Have you tried switching the non-starting GPU with another?, if so it’s time to RMA the G291-Z20 back to Gigabyte.

After the last answer from Gigabyte:

The RD team try added PCIe resources to the max, please download the test BIOS F5a from FTP link.
But RD still not duplicate the any lose GPU problem.

F05a 64bit MMIO resource : 0x2ffffffffff - 0x25590000000 = AA6FFFFFFF
[ 1.088547] pci_bus 0000:00: root bus resource [io 0x0000-0x02ff window]
[ 1.095332] pci_bus 0000:00: root bus resource [io 0x0300-0x03af window]
[ 1.102119] pci_bus 0000:00: root bus resource [io 0x03e0-0x0cf7 window]
[ 1.108904] pci_bus 0000:00: root bus resource [io 0x0d00-0x3fff window]
[ 1.115690] pci_bus 0000:00: root bus resource [mem 0x000c0000-0x000dffff window]
[ 1.123171] pci_bus 0000:00: root bus resource [mem 0xe8000000-0xefffffff window]
[ 1.130651] pci_bus 0000:00: root bus resource [mem 0x25590000000-0x2ffffffffff window]
[ 1.138654] pci_bus 0000:00: root bus resource [bus 00-1f]
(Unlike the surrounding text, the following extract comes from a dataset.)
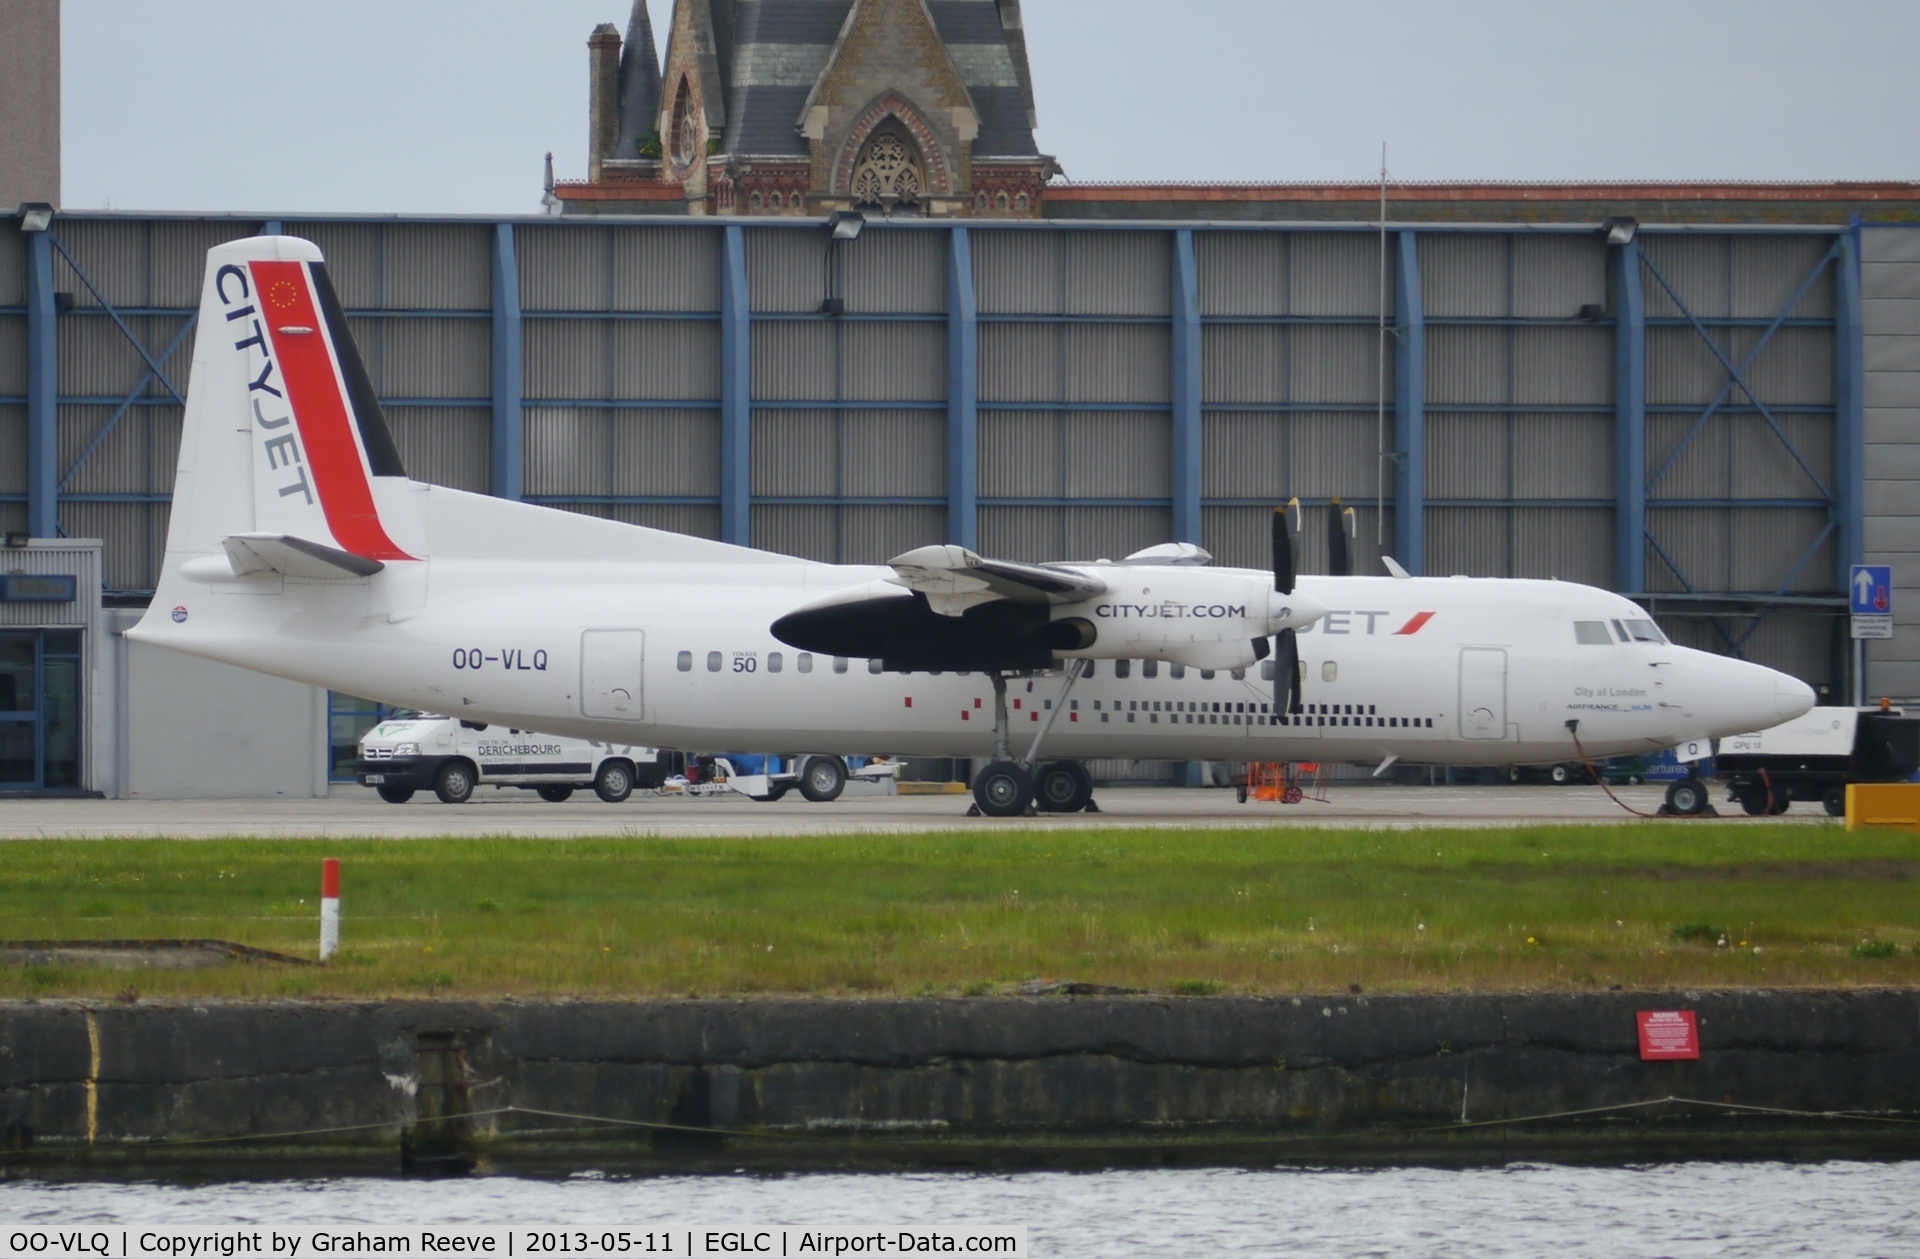 OO-VLQ, 1989 Fokker 50 C/N 20159, Parked at London City airport.

Legacy still not working, but now nvida-smi on Debian 10 UEFI finds all 8 of 8 GPUs.

The root bus was never the provlem but the downstream bus

[    0.158554] pci 0000:00:03.1: PCI bridge to [bus 03-06]
[    0.158557] pci 0000:00:03.1:   bridge window [io  0x2000-0x3fff]
[    0.158559] pci 0000:00:03.1:   bridge window [mem 0xec000000-0xef1fffff]
[    0.158562] pci 0000:00:03.1:   bridge window [mem 0xd0000000-0xe20fffff 64bit pref]

Did GB add new resources to this (in UEFI mode)?

That’s the/one change of the second update, I only got this bit of information. UEFI is Ok, Legacy is still a problem.

I can confirm that this problem goes away when using UEFI mode (on CentOS).